Yadra Arteaga era la hija de una pareja de españoles que habían emigrado a México durante la Guerra Civil cuando en el pueblo donde vivían la situación se había vuelto insostenible para su entonces joven padre. La pareja se había establecido en Monterrey y fundado una bien surtida ferretería que en el pleno auge industrial de la ciudad pronto había prosperado y convertido en una de las mejores casas de la Sultana del Norte.

La mujer, criada en un ambiente de prosperidad que le había abierto la puerta a la alta sociedad, se había casado, a la para su época inusual edad de treinta y cuatro años con el empresario Ciro Pedrero interrumpiendo así el intento de convertirse en pianista concertina después de varios años de estudio en varios conservatorios de Europa.
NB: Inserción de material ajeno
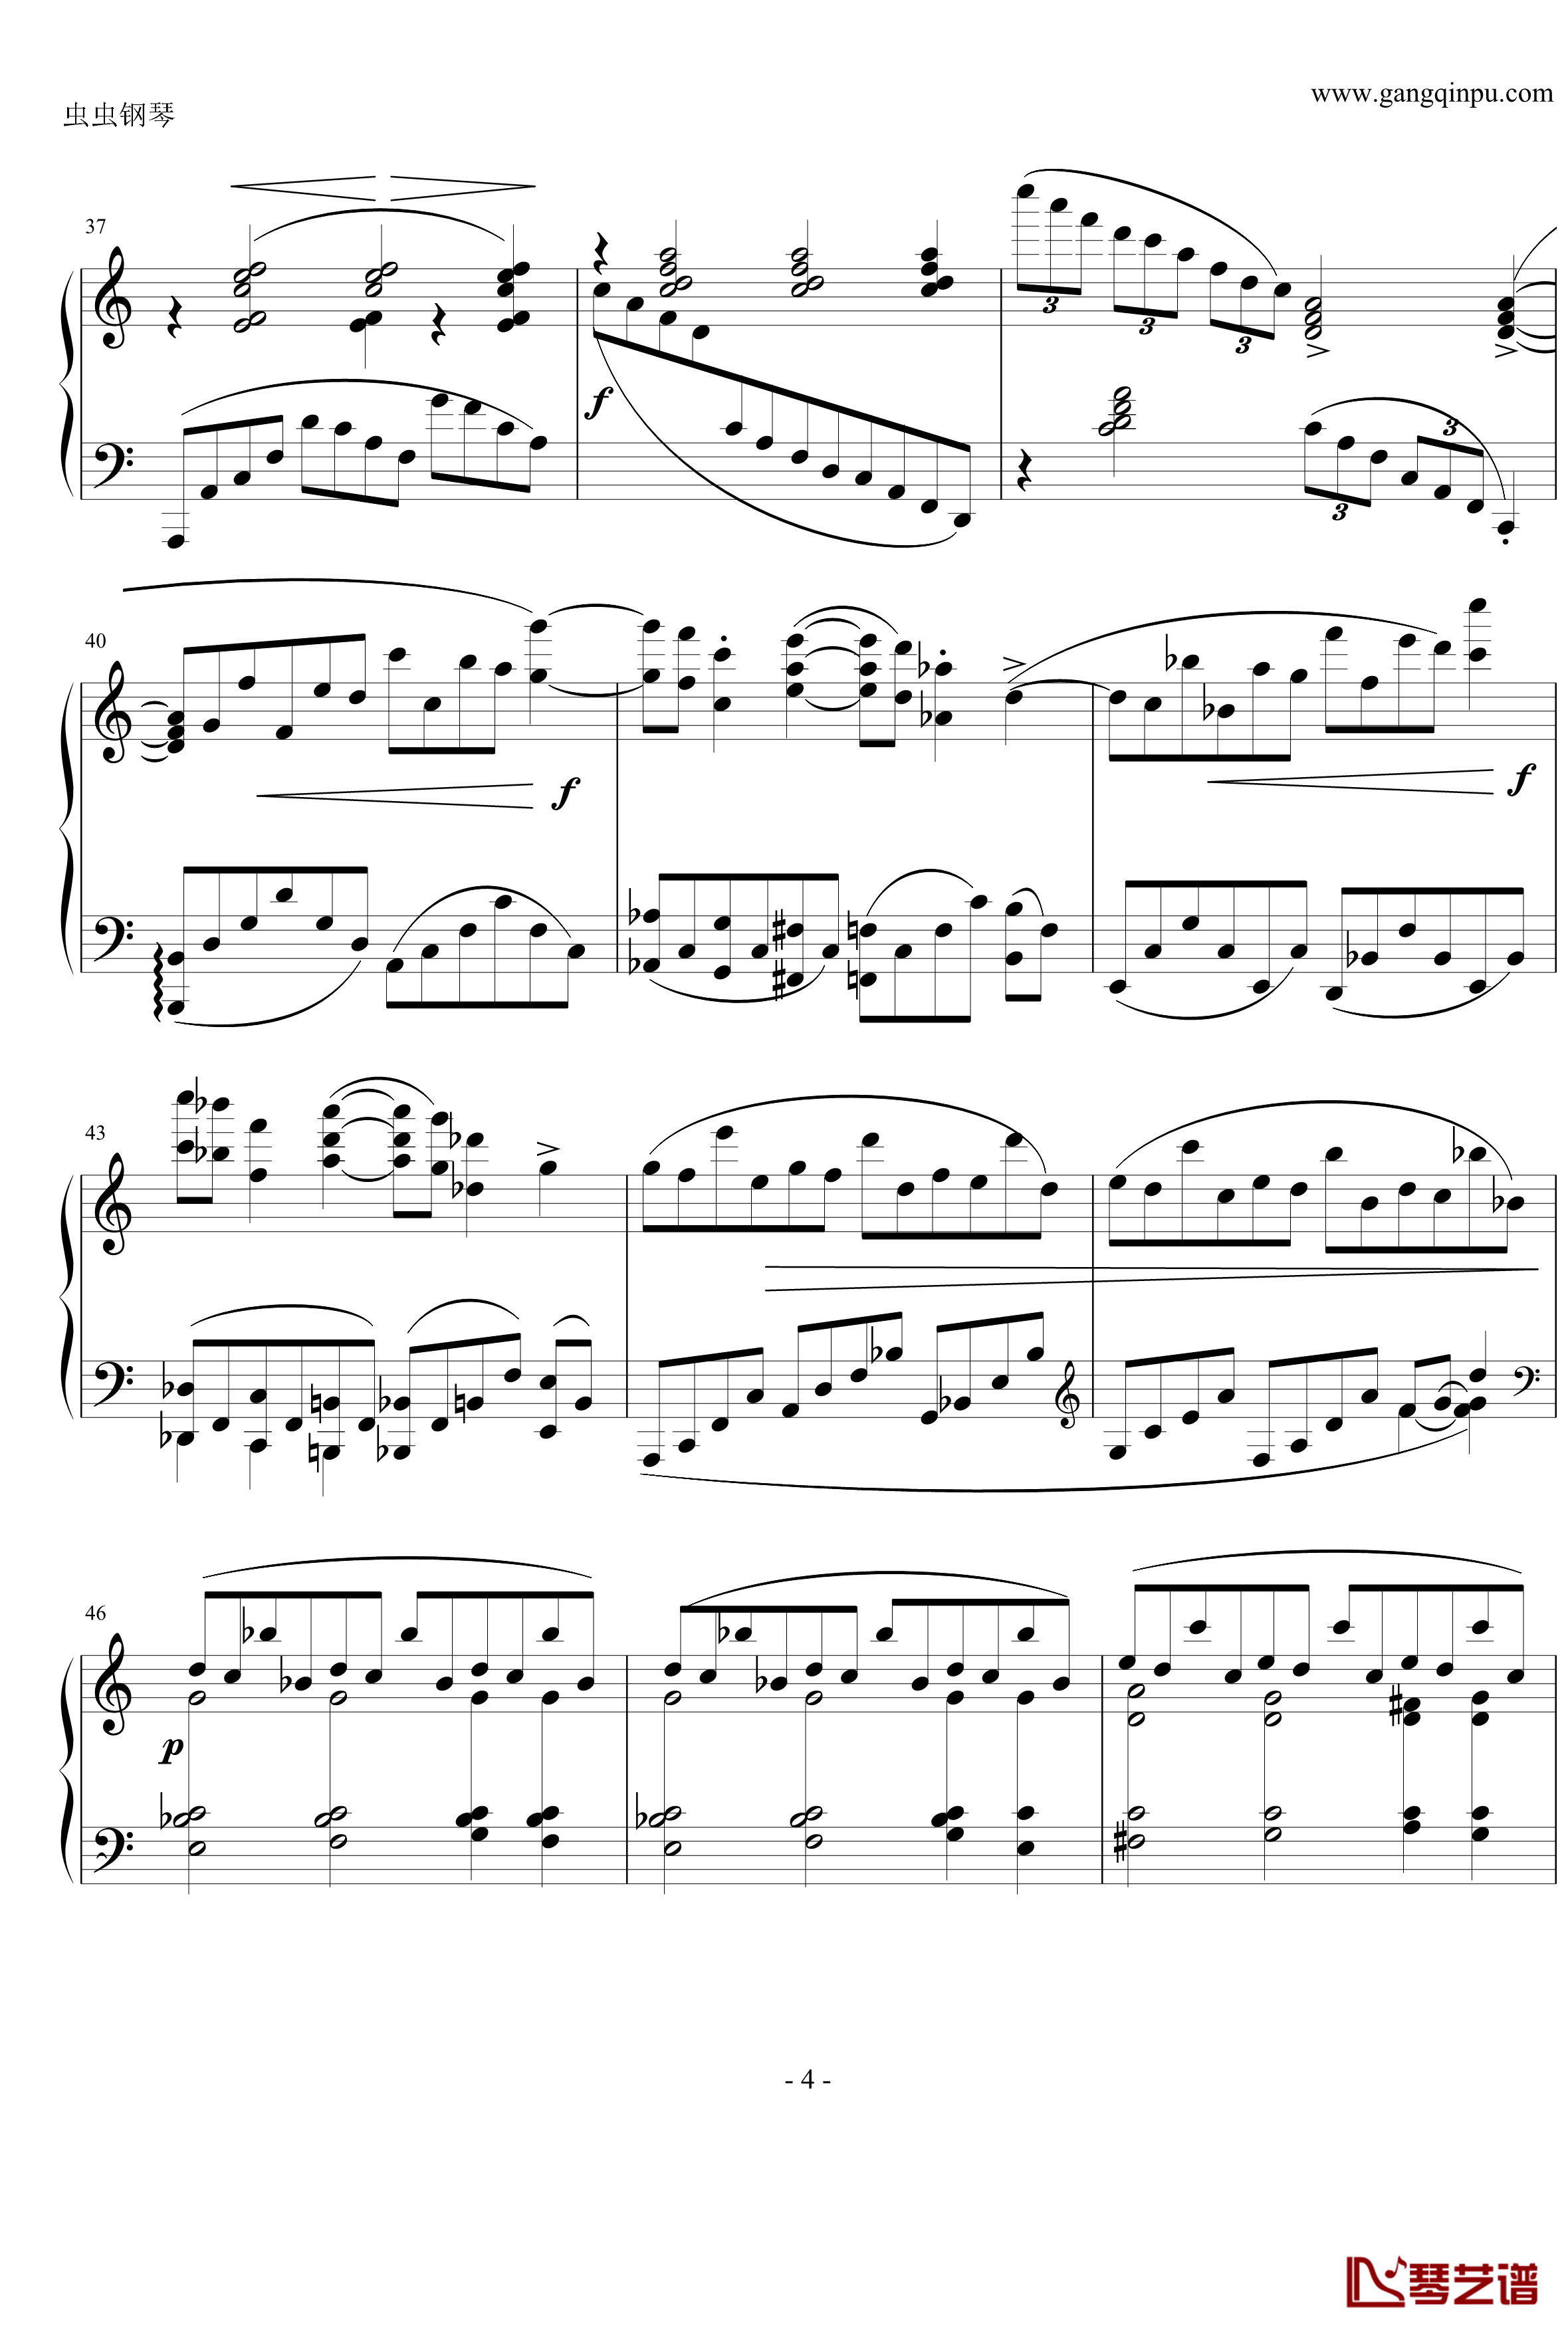 随想曲钢琴谱Op.76 No.8-勃拉姆斯-Brahms4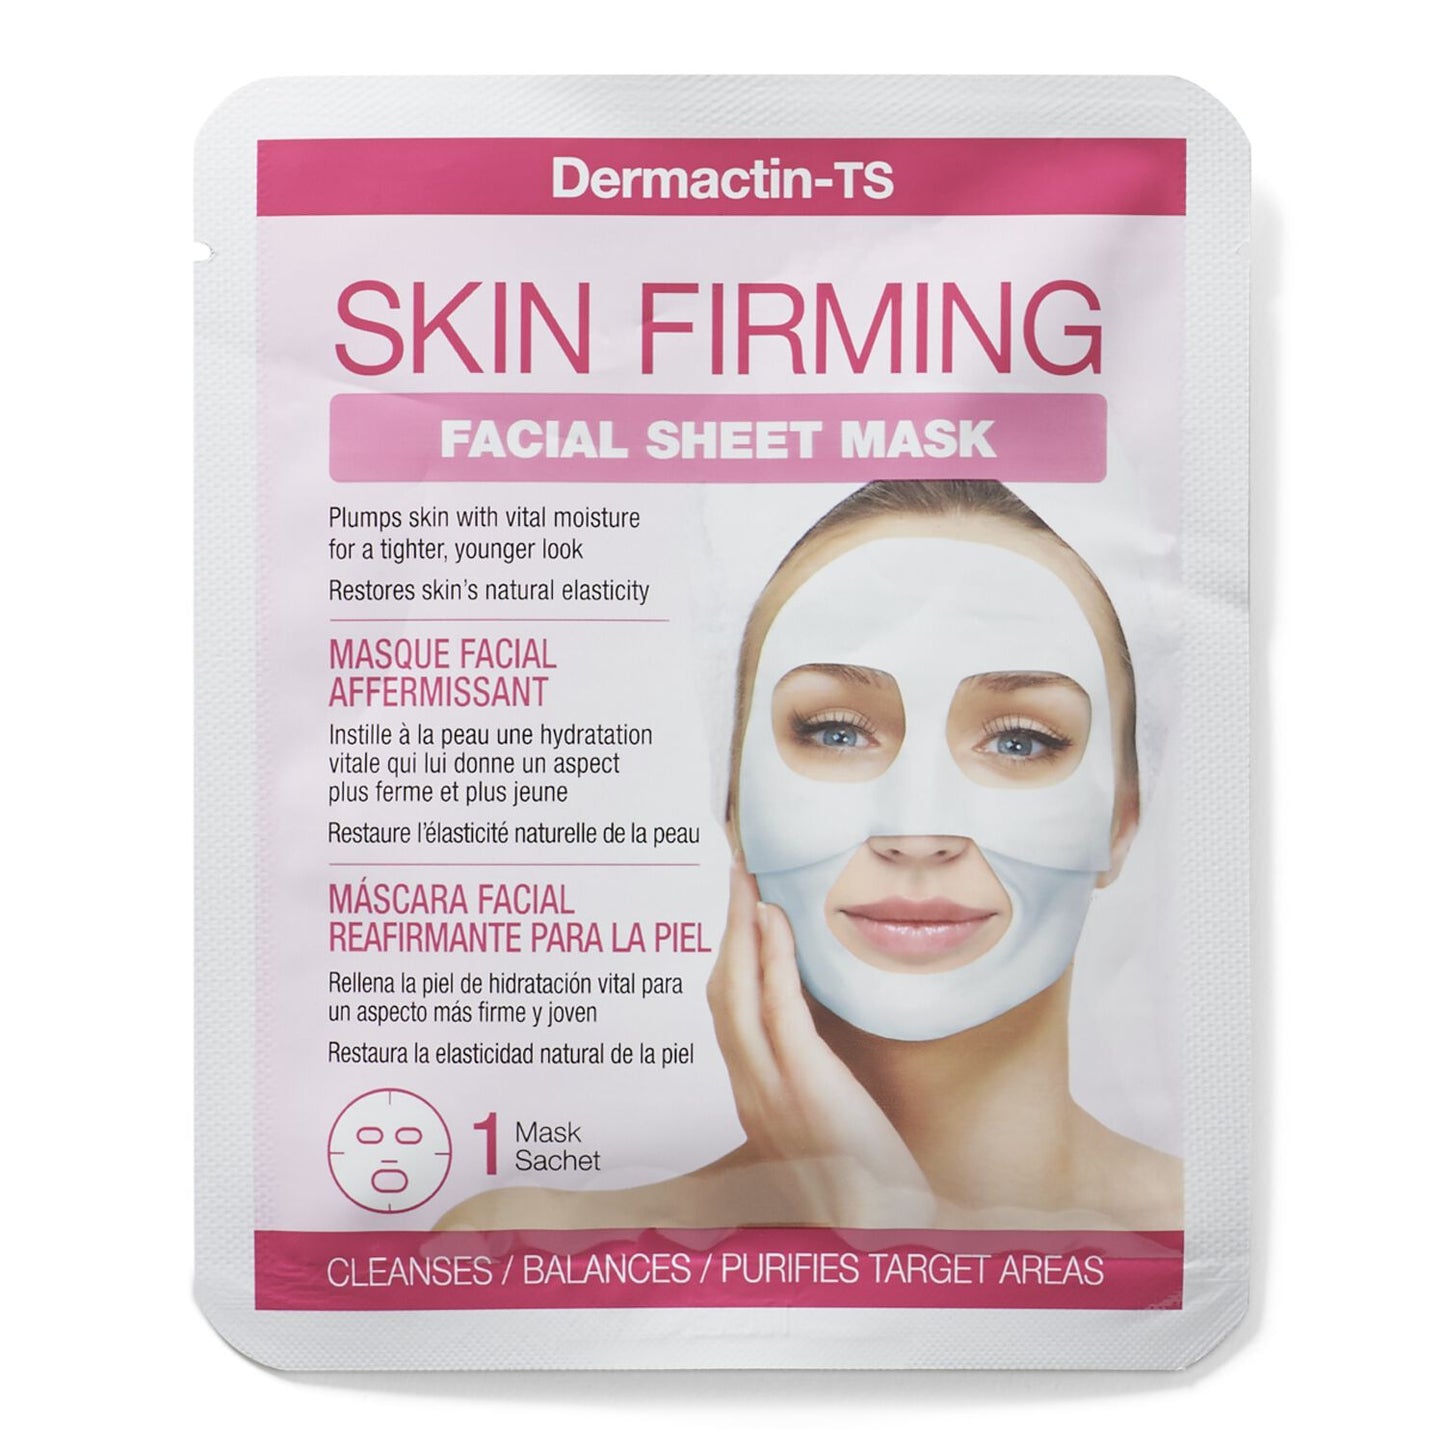 Dermactin-TS Skin Firming Facial Sheet Mask

Nunca se había arrepentido de cambiar el papel de concertista por el de madre y ama de casa, ya que en el fondo Yadra siempre había sido lo suficientemente honesta consigo misma que no iba a poder destacar realmente en el mundo internacional del arte. Si bien adoraba el piano y disfrutaba enormemente tocarlo, el verdadero virtuosismo con el instrumento no la había alcanzado nunca. En compensación apreciaba ahora ese algo que le había faltado en su nieta y se había puesto como última meta en la vida llevar a la niña a ese mundo al que ella no había logrado entrar.

Ese proyecto, sin embargo, por ahora nuevamente tenía que esperar unos meses. Unos días atrás su nuera ya había mostrado los primeros síntomas de incomodidad por su presencia y Yadra como siempre empacó sus maletas.

Cuando sonó el claxon del taxi, los empleados de la casa rápidamente transportaron su equipaje hacia el vehículo y Yadra sin mediar palabra lo abordó para dirigirse a su nuevo destino.